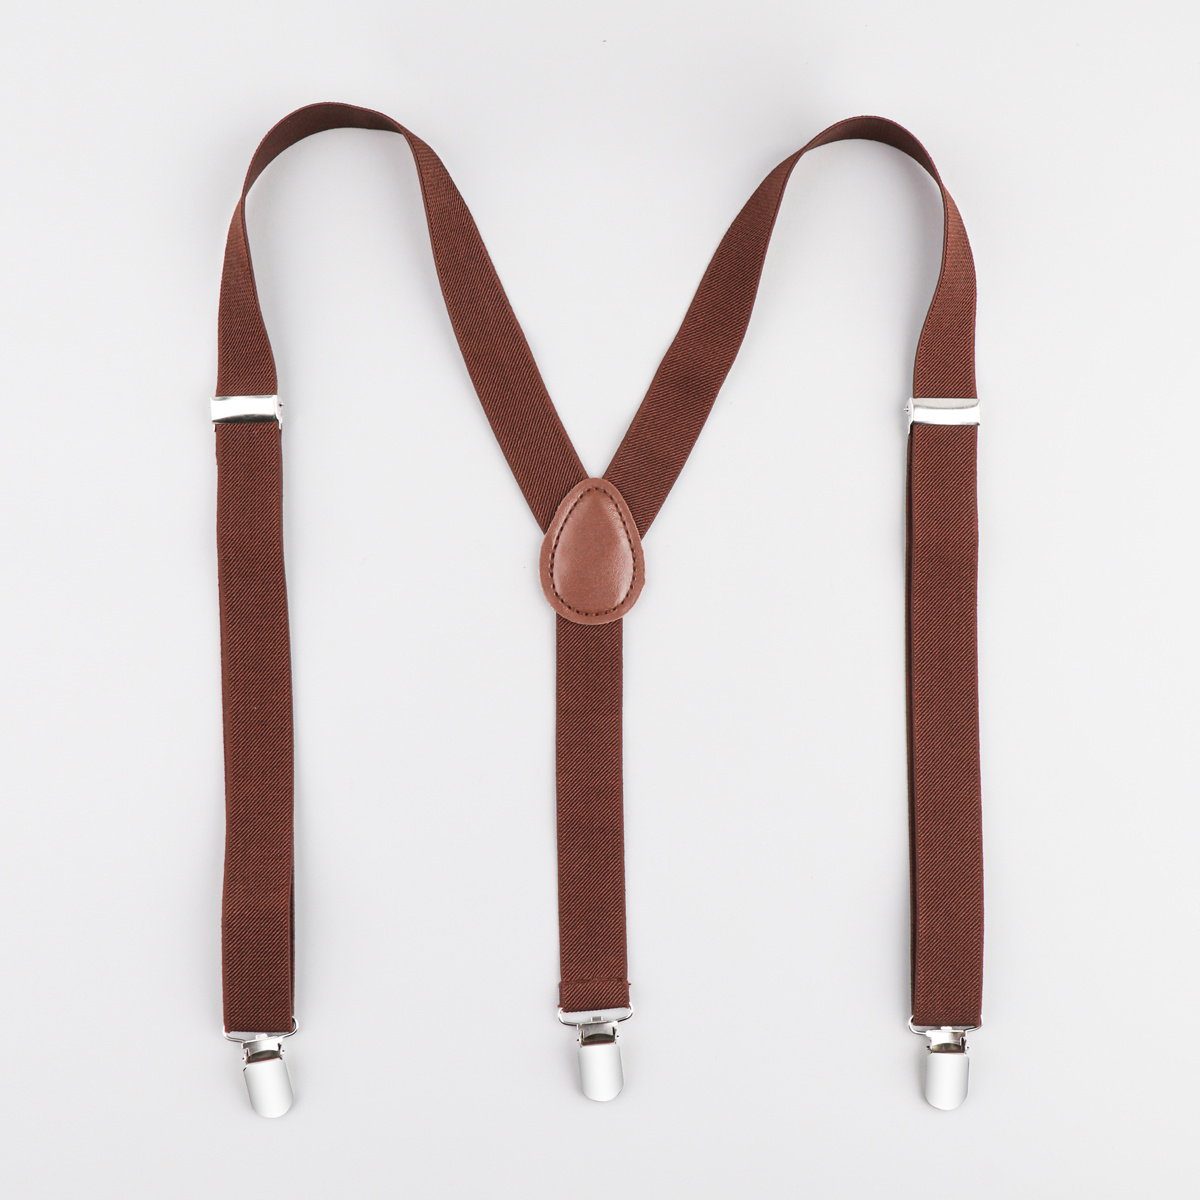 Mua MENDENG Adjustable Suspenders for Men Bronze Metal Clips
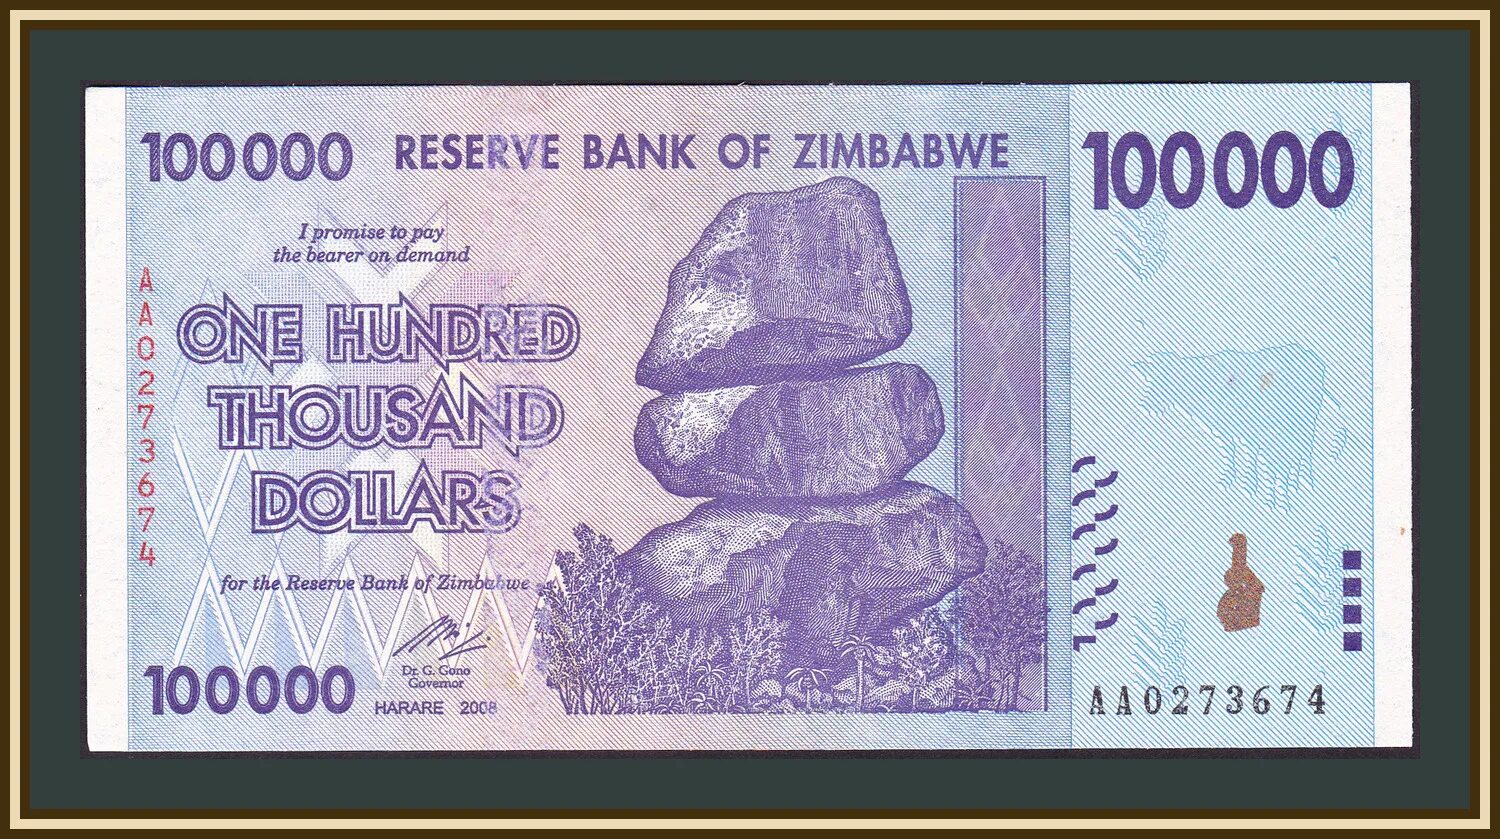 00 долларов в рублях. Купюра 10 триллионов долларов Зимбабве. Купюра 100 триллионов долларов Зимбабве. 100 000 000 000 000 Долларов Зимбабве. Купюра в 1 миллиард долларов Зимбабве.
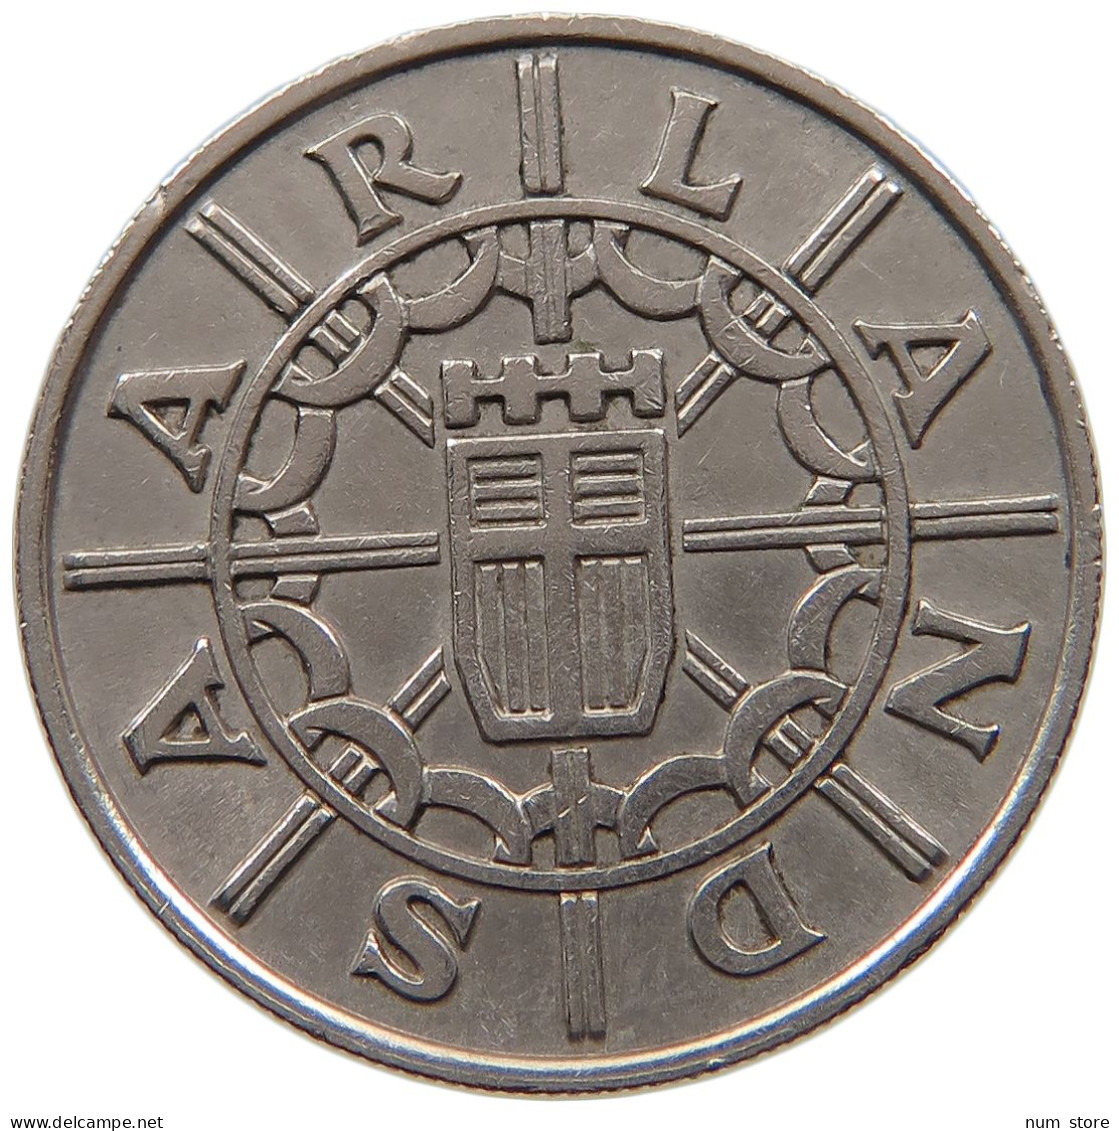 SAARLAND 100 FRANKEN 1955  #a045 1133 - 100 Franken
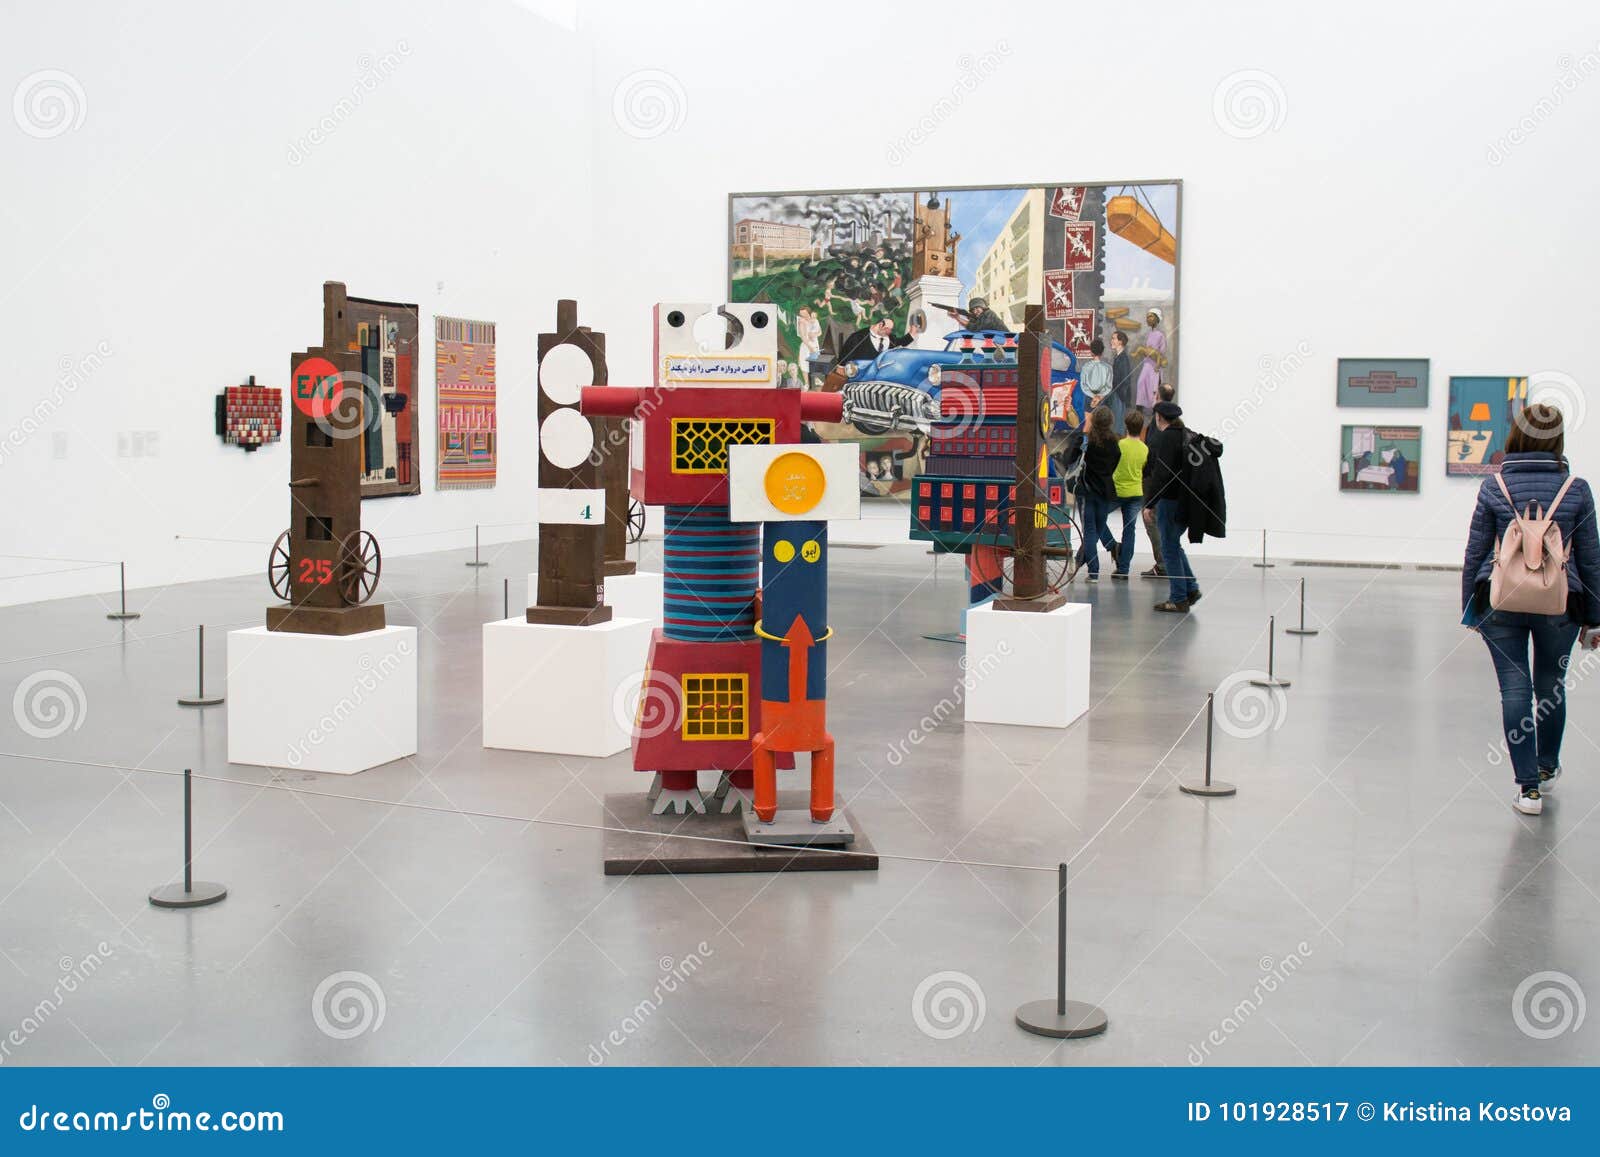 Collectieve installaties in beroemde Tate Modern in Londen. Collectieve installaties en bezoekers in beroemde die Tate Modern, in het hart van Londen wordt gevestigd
--- --- ---
- **Exercise prompt**: Here the job is to output the lines from the top of the listing through the line holding "SAARLAND 100 FRANKEN", word for word and without pictures.

- **Output for this exercise**:
 Mua MENDENG Adjustable Suspenders for Men Bronze Metal Clips
 00 долларов в рублях. Купюра 10 триллионов долларов Зимбабве. Купюра 100 триллионов долларов Зимбабве. 100 000 000 000 000 Долларов Зимбабве. Купюра в 1 миллиард долларов Зимбабве.
 SAARLAND 100 FRANKEN 1955  #a045 1133 - 100 Franken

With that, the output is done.